Deploy and Use Fine-Tuned LLMs in Oracle APEX
In my previous post, I wrote about how a scikit-learn machine learning (ML) could be trained and deployed on the Oracle Cloud Infrastructure (OCI) Data Science service. The model is deployed on the service's managed infrastructure, allowing developers to simply call a HTTP endpoint to perform ML model inference on the submitted data. In my latest adventure, I built an Oracle APEX application that takes product reviews and then automatically ranks the review using a fine-tuned large language model (LLM) available through Hugging Face.
While OpenAI's ChatGPT has largely dominated the news headlines when it comes to Generative AI, there is a plethora of LLMs out there. Many of them are open sourced and readily available through hubs like Hugging Face. There are a bunch of tutorials that introduce the platform including the available datasets, models, Python, and JavaScript libraries. In this post, I will use the example from their tutorial on fine-tuning a pre-trained model.
The goal is to use the Yelp review dataset to fine-tune BERT, specifically, the distilbert-base-uncased model, to assign a rank that describes the sentiment expressed in a body of text.
Provisioning the Tools
Machine learning tasks can be performed on a CPU, but more often than not, we have a huge performance gained by using a graphical processing unit (GPU). For most people, that's going to be a Nvidia chip. On the OCI, we currently have a choice of the P100, V100, and more recently, A10 and A100. I went with an A10 as it was newer, cheaper than the A100, and has adequate amount of GPU memory. And, more importantly, the tenancy that I was on had sufficient number of GPUs assigned.

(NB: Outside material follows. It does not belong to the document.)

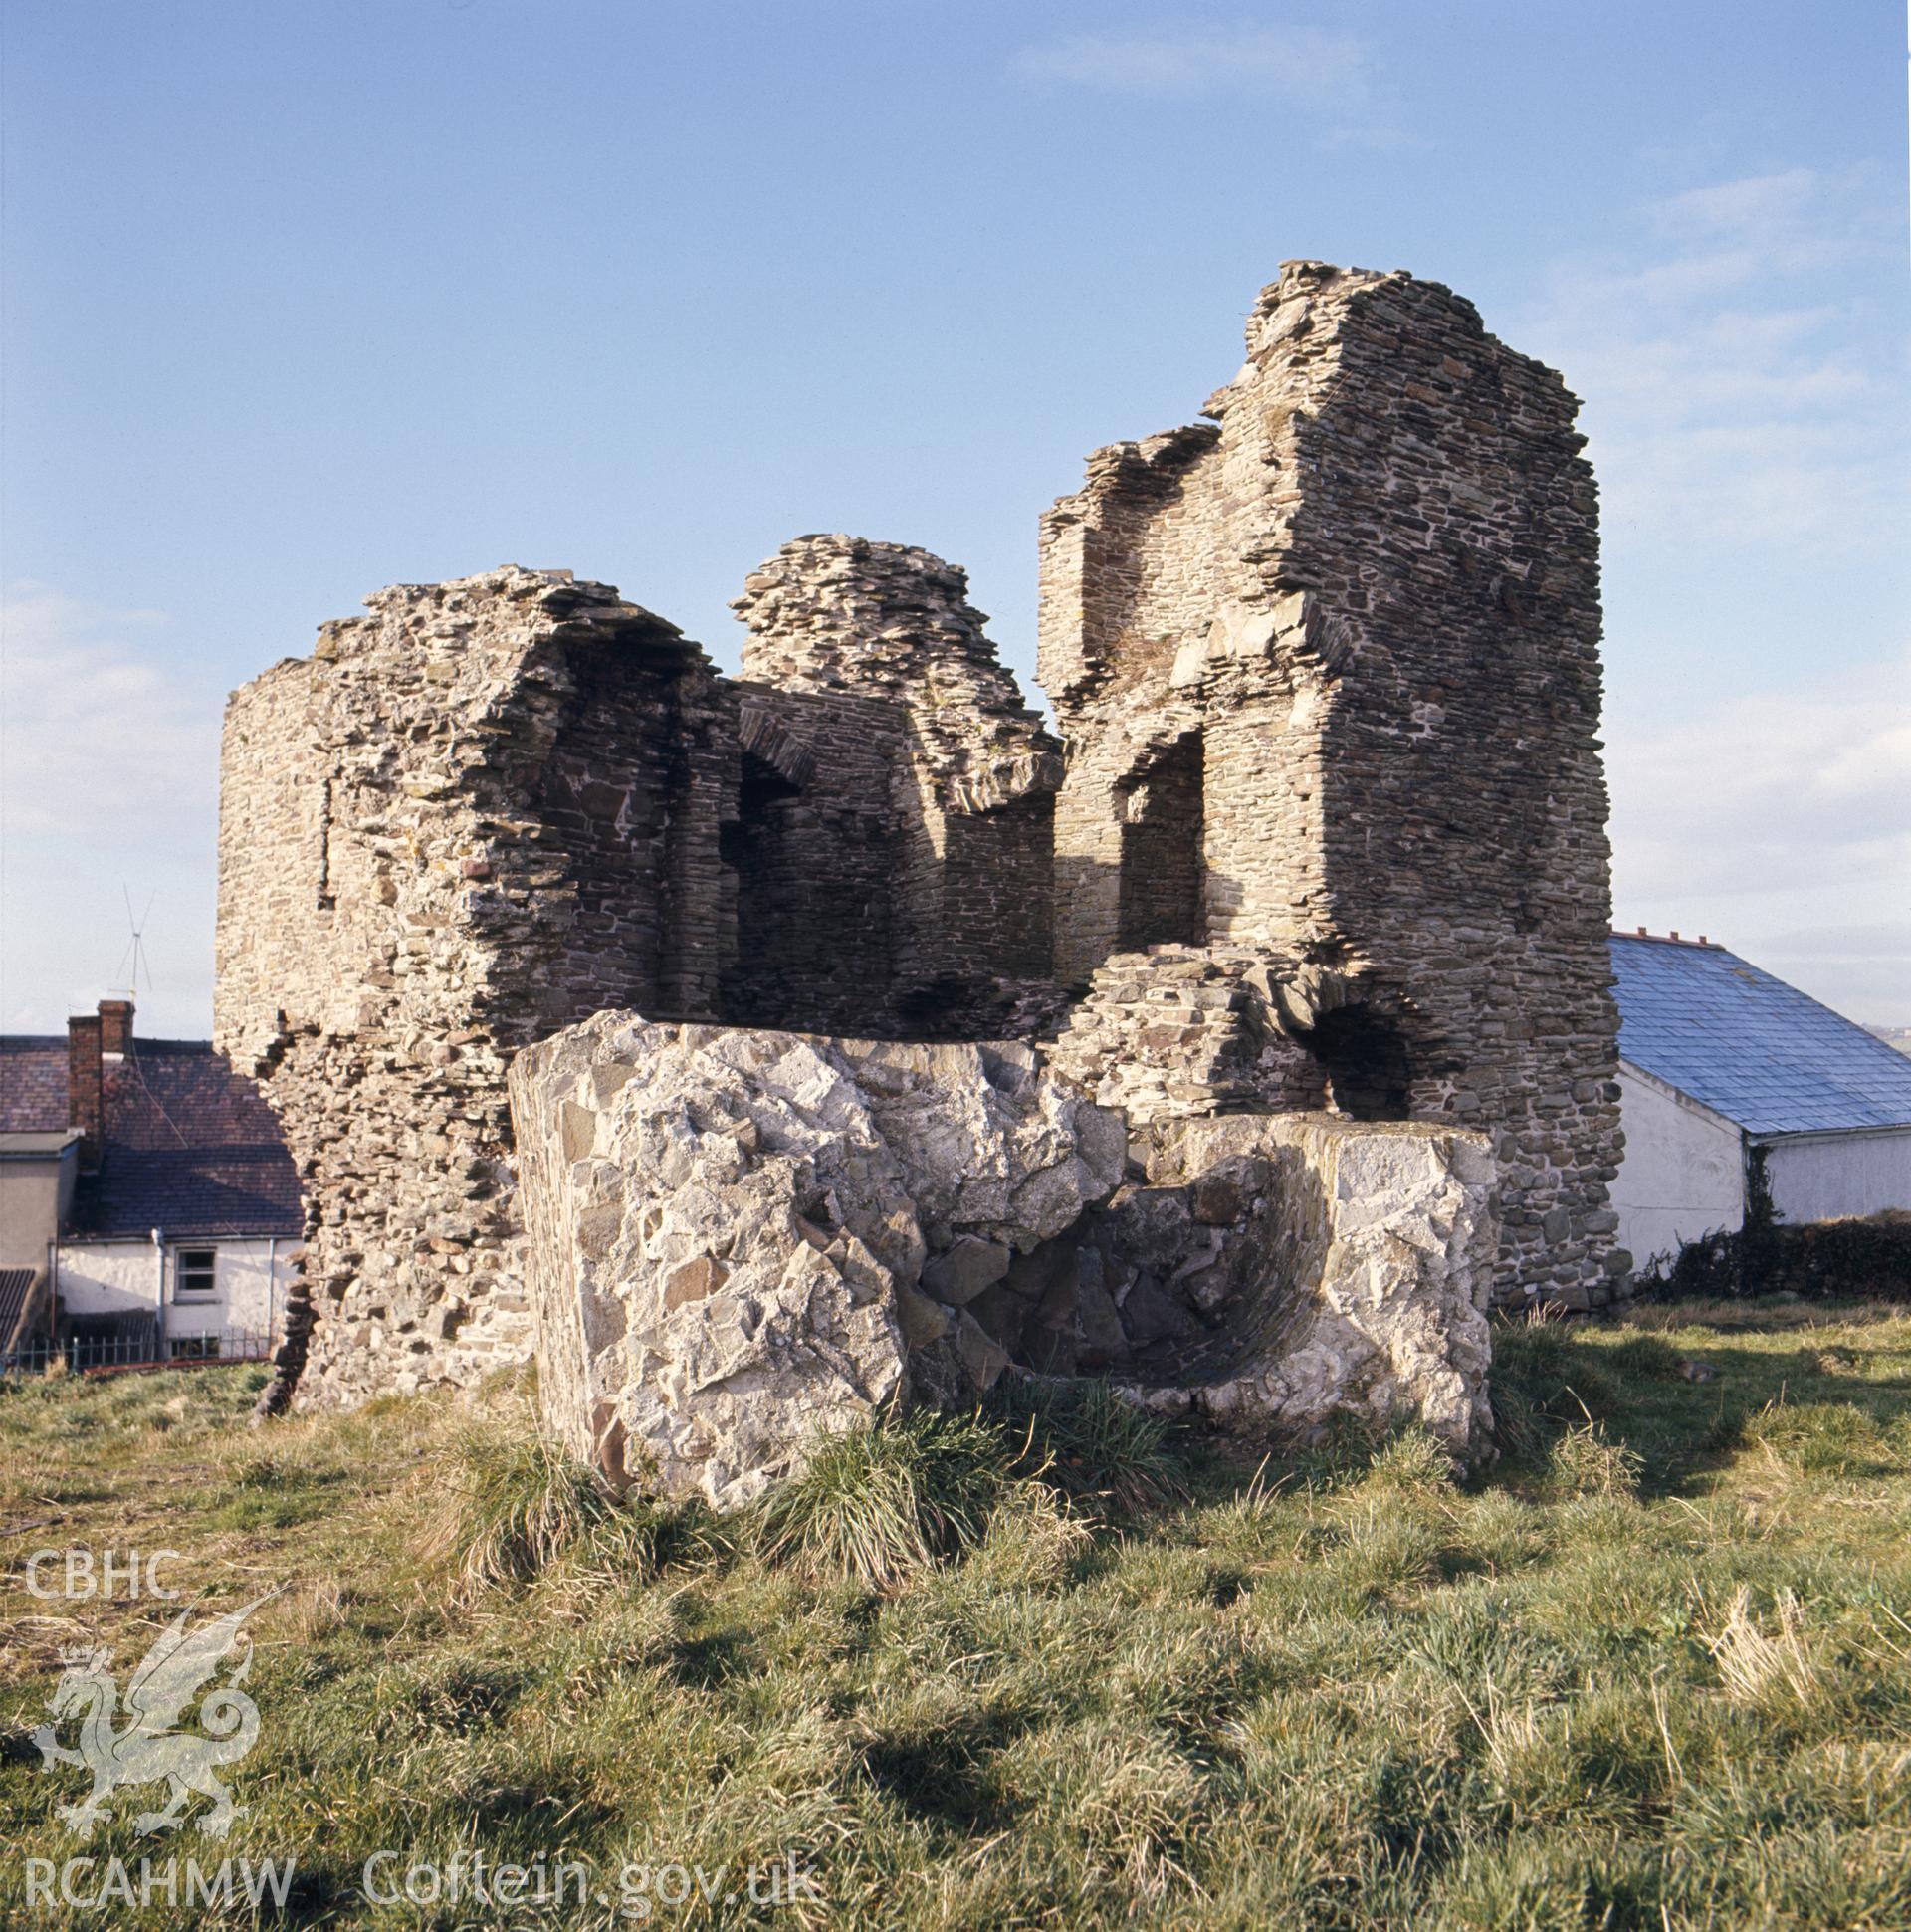 1 colour transparency showing view of Loughor castle; collated by the former Central Office of Information.

You can check your tenancy's service limits to see if you can provision a GPU instance. The resource that you will need is either gpu-a10-count
if you wish to run the training on an OCI Compute instance, or ds-gpu-a10-count
for an OCI Data Science notebook. These limits are assigned differently for Compute instance and Data Science notebooks. If your tenancy is either a trial, or a PAYG (Pay-as-you-go) account, then these limits are likely 0
. For PAYG, you could try making a service limit request, but for trial accounts, it's an uphill battle. And for accounts with a Universal Credits, you might find 16
is the number for gpu-a10-count
. Make a service limit request for ds-gpu-a10-count
if you wish to run the training in a GPU-powered notebook session.
I initially did not have access to GPU resources on OCI Data Science, so I had provisioned a Compute with a GPU, and then all I needed was to install Miniconda, and I was good to go!
Fine-tune the LLM
In OCI Data Science, you can probably use the Conda environments generalml_p38_cpu_v1
or pytorch20_p39_gpu_v2
(if you have a GPU instance provisioned) for fine-tuning the model. However, for deployment, a GPU instance probably isn't necessary as the time needed to complete the inference is relatively much shorter.

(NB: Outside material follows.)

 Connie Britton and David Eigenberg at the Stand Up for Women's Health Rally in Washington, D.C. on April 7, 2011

If you do use the Oracle-provided Conda environments, please note that you might need to add any missing dependencies that are specific for working with Hugging Face models and datasets. For me, I opted to create a custom Conda environment as I had started out training the model on a GPU-powered compute instance. This environment was published and later used for the model deployment. Below is the Conda environment file I used.
channels:
- conda-forge
dependencies:
- python>=3.8
- transformers
- evaluate
- scikit-learn
- accelerate
- pillow
- numpy
- pip
- pip:
- torch==2.1.0
- oracle-ads[data,notebook]
NOTE
If you're running this in an OCI Data Science notebook, then the
jupyterlab
andipywidgets
dependencies can be omitted as they are automatically added when you create a conda environment using theodsc
command.
from datasets import load_dataset
from transformers import AutoTokenizer, AutoModelForSequenceClassification, TrainingArguments, Trainer
import numpy as np
import evaluate
import torch
def tokenize_function(examples):
return tokenizer(examples["text"], padding="max_length", truncation=True)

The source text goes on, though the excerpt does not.